REQUIRED WORK:
Begin your transcription at the line containing "Платье CAROLINA HERRERA" and continue it, word for word, to the final line below. Include only those lines and skip the pictures.

GIVEN INFORMATION:

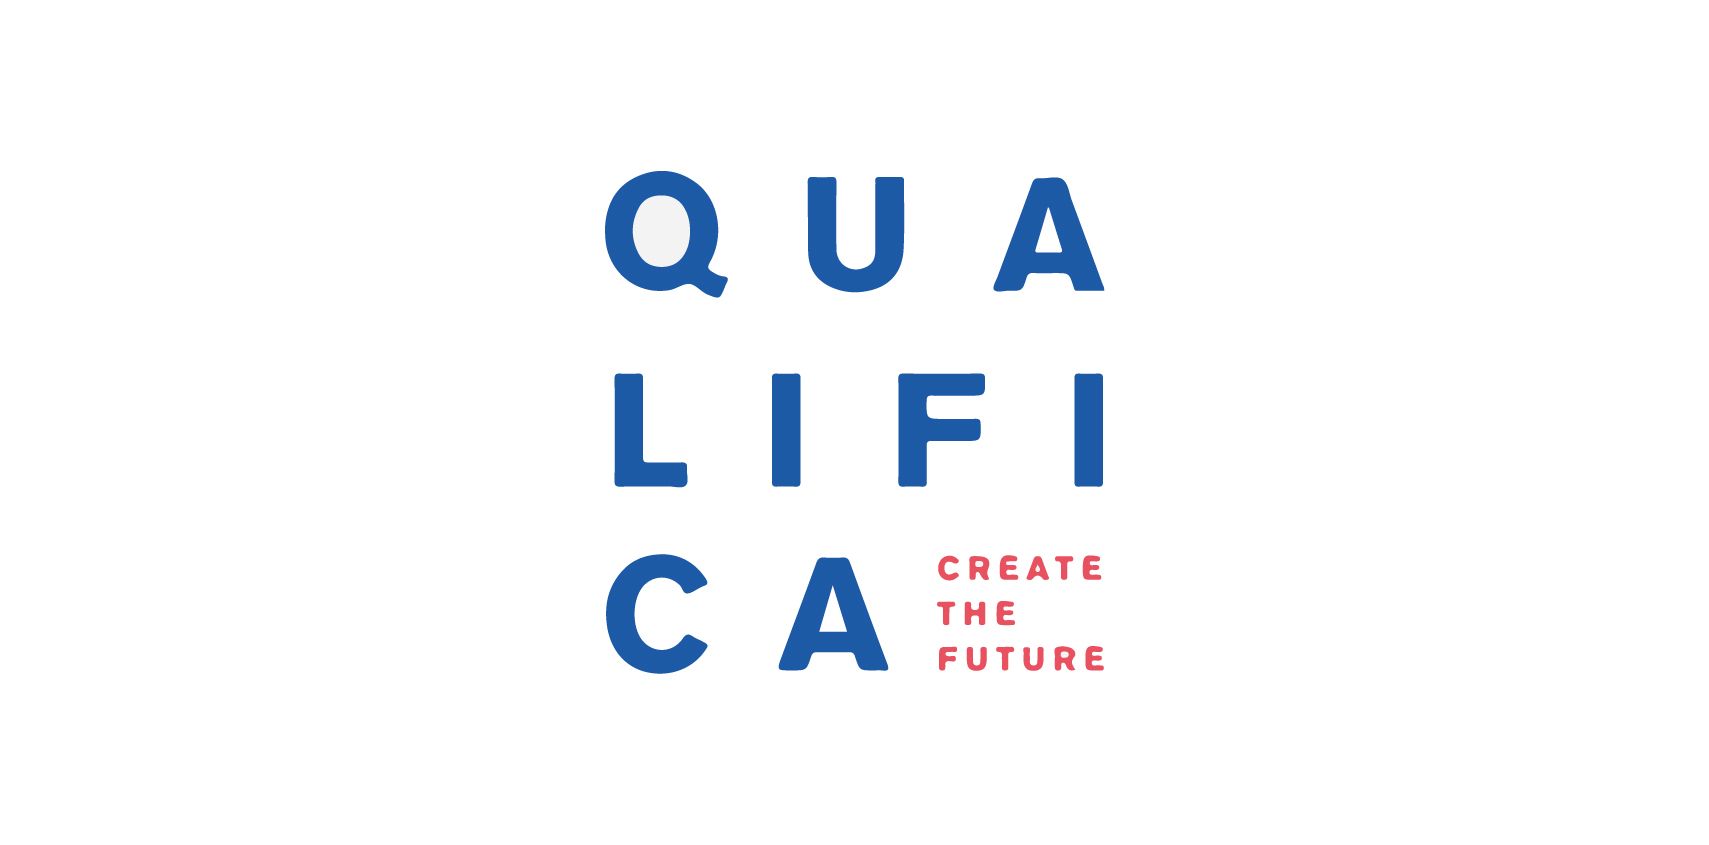 Logo for the Qualifica fair in Porto - Create The Future
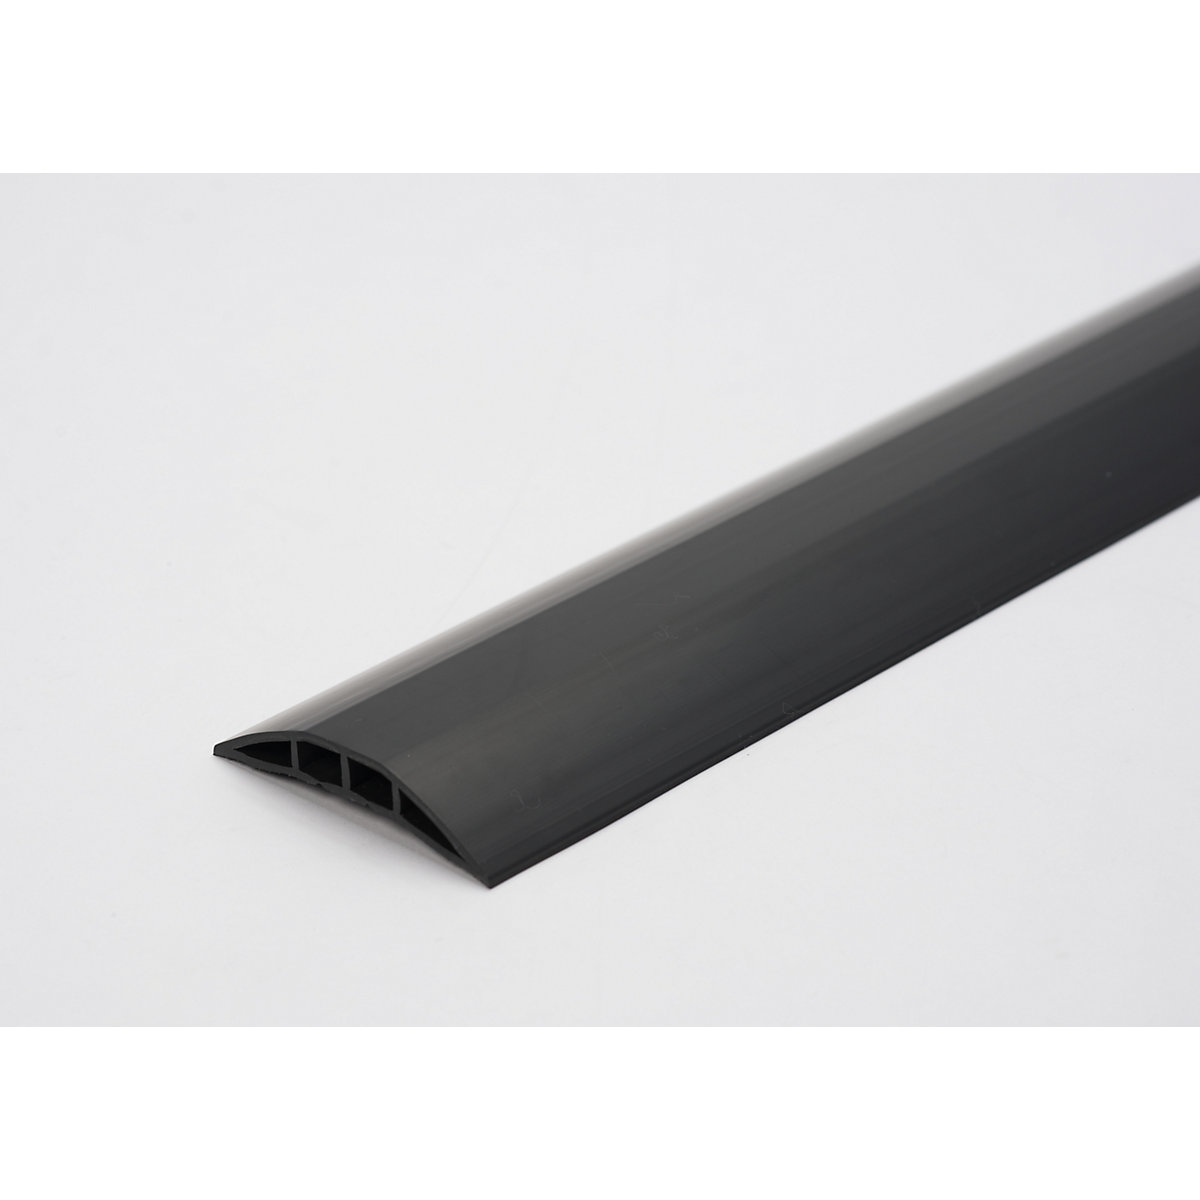 Plastový kabelový můstek, pro kabely a hadice do Ø 7,5 mm, černý, 2 komory, délka 1,5 m
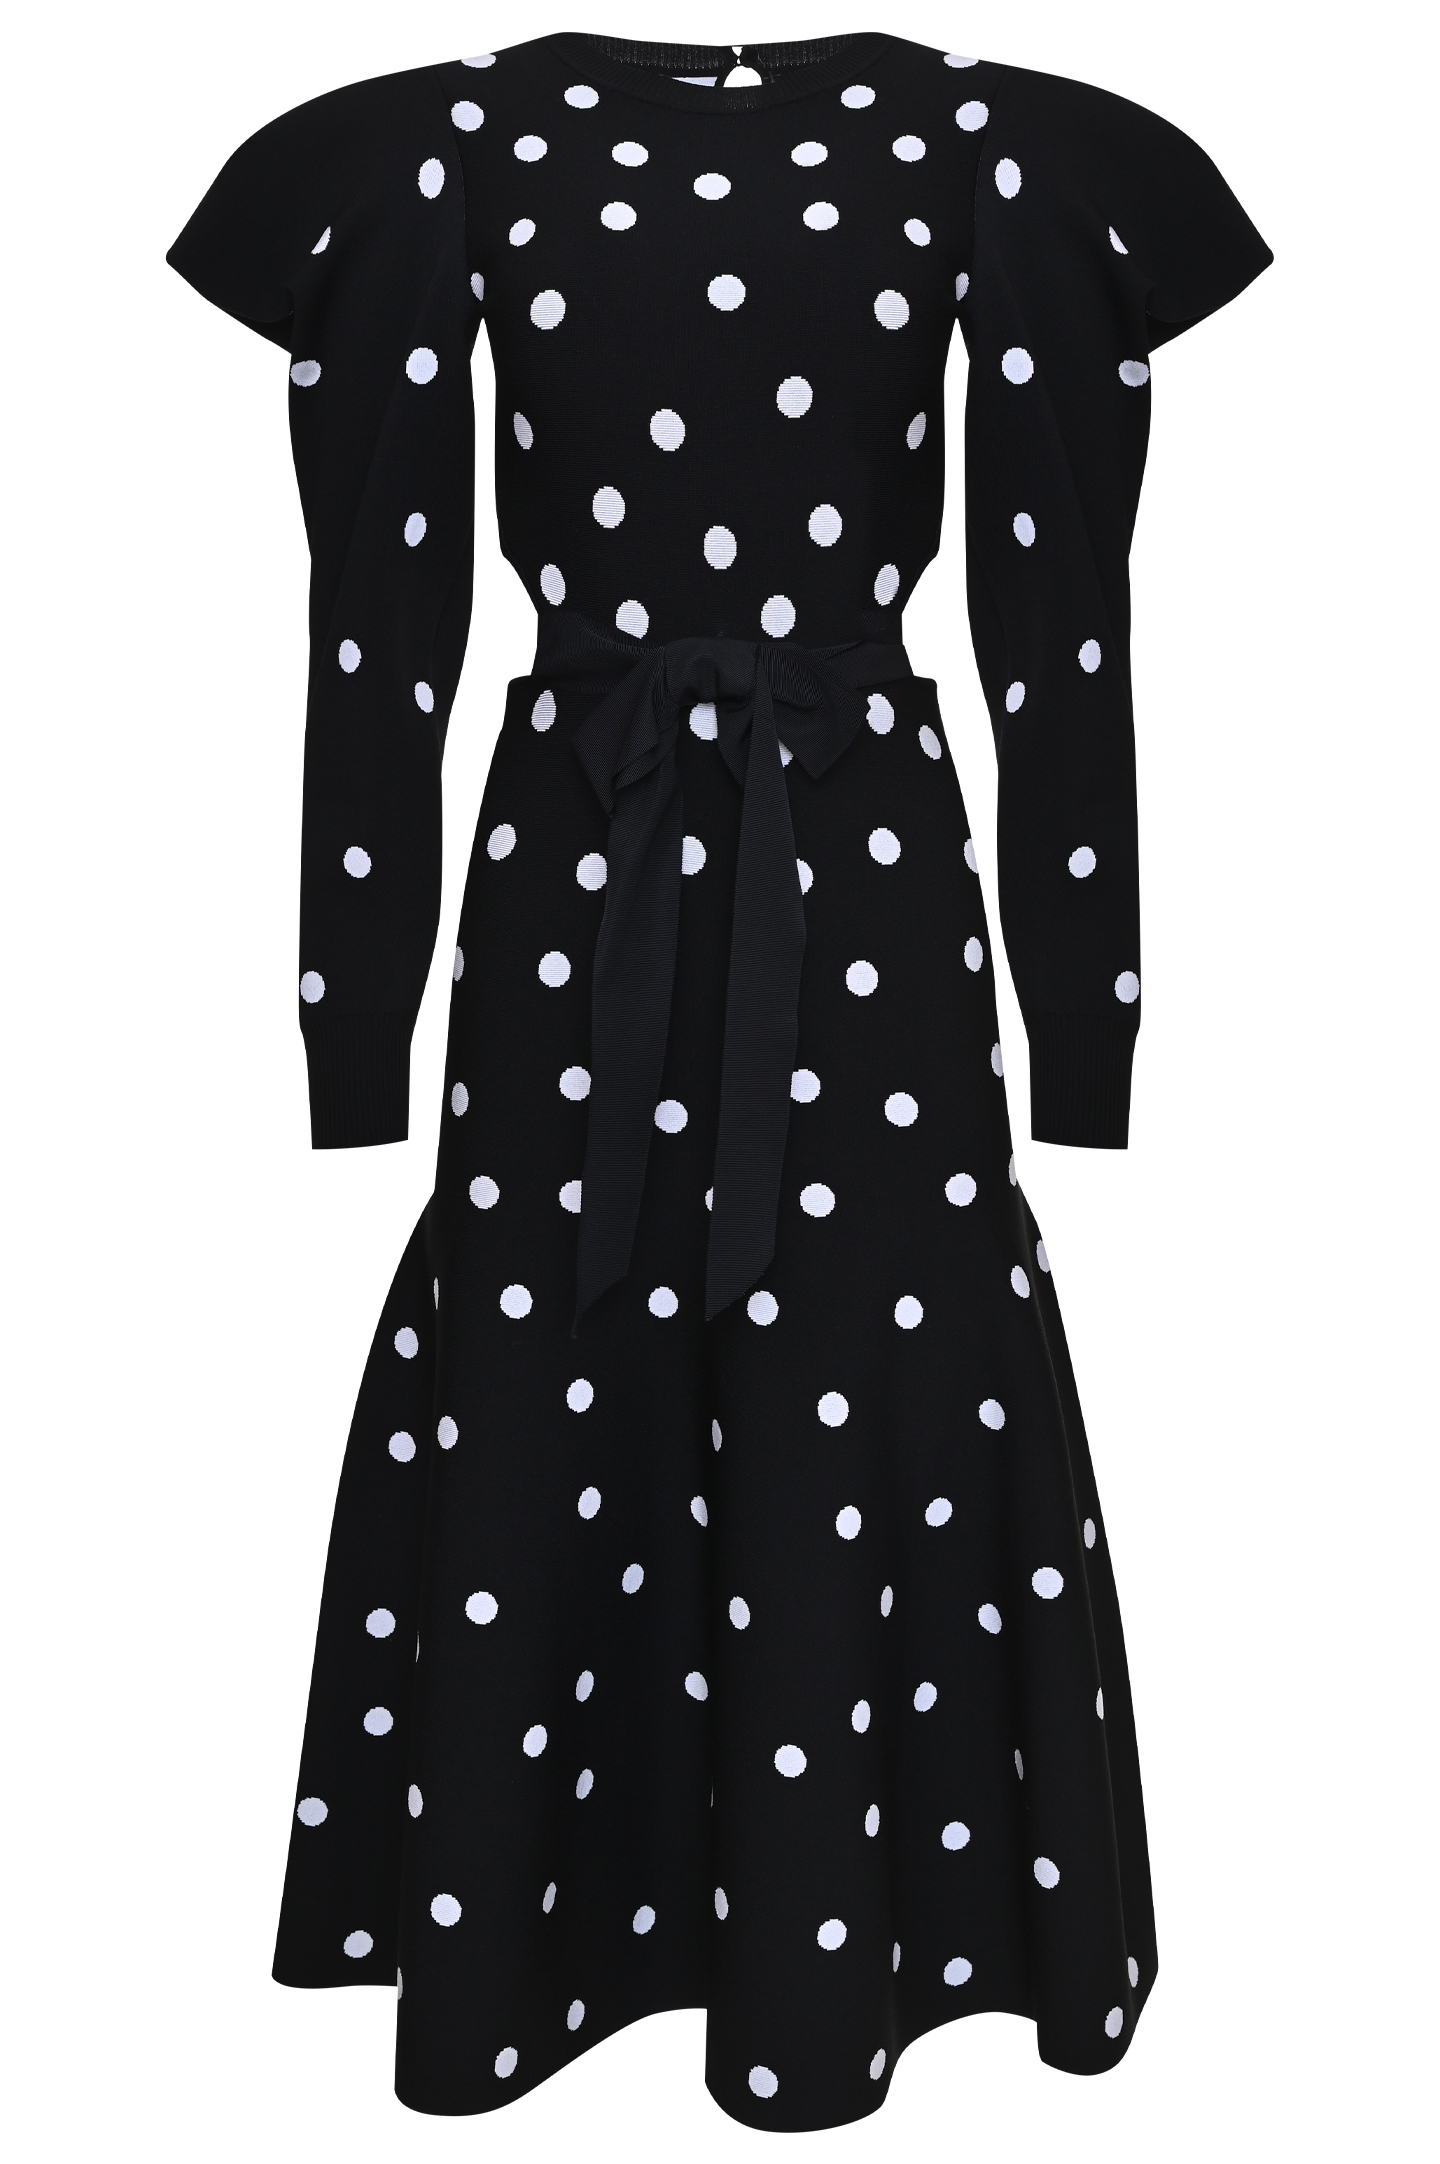 Платье CAROLINA HERRERA S2112N502, цвет: Черно-белый, Женский
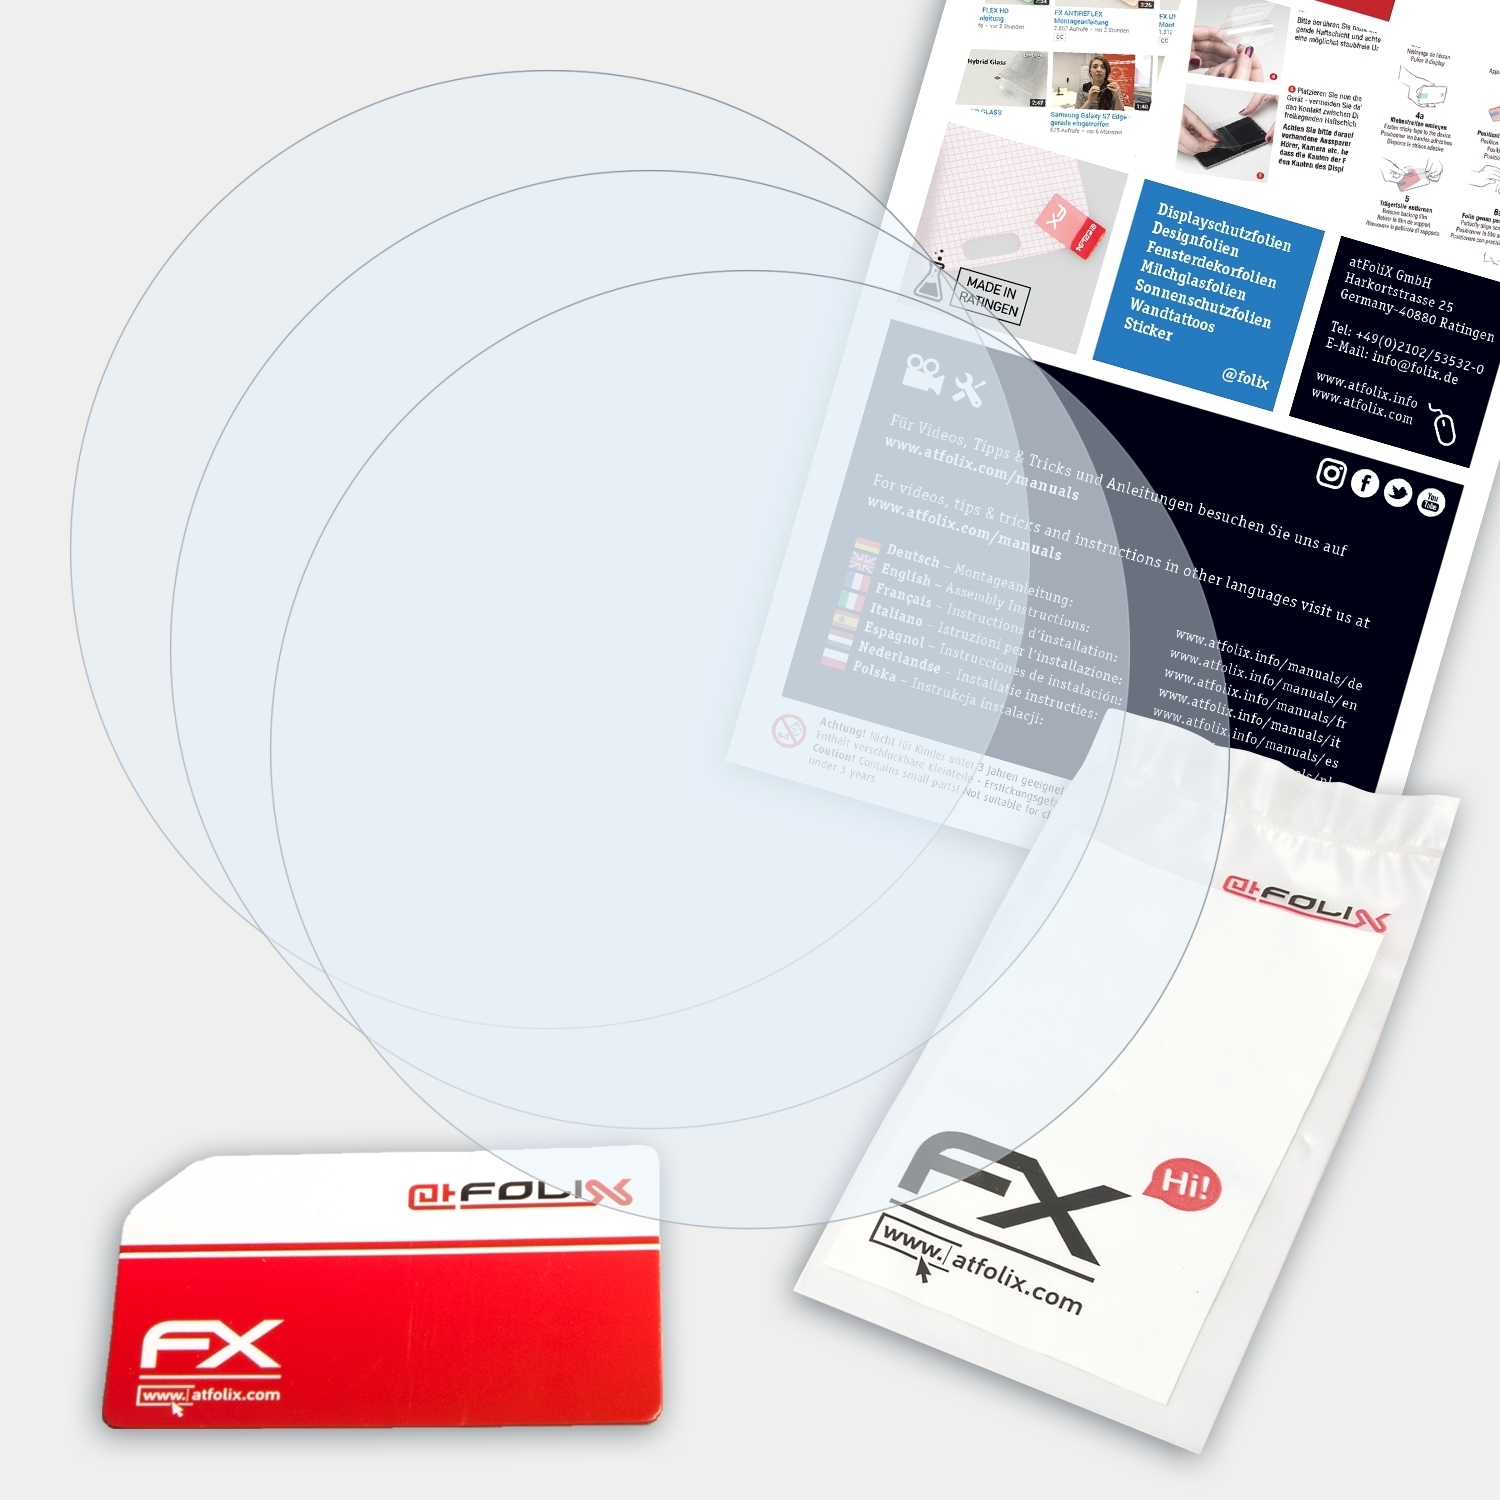 ATFOLIX 3x FX-Clear (47 Displayschutz(für D2 mm)) Delta Garmin

TASK ANSWER:
 Платье CAROLINA HERRERA S2112N502, цвет: Черно-белый, Женский
 ATFOLIX 3x FX-Clear (47 Displayschutz(für D2 mm)) Delta Garmin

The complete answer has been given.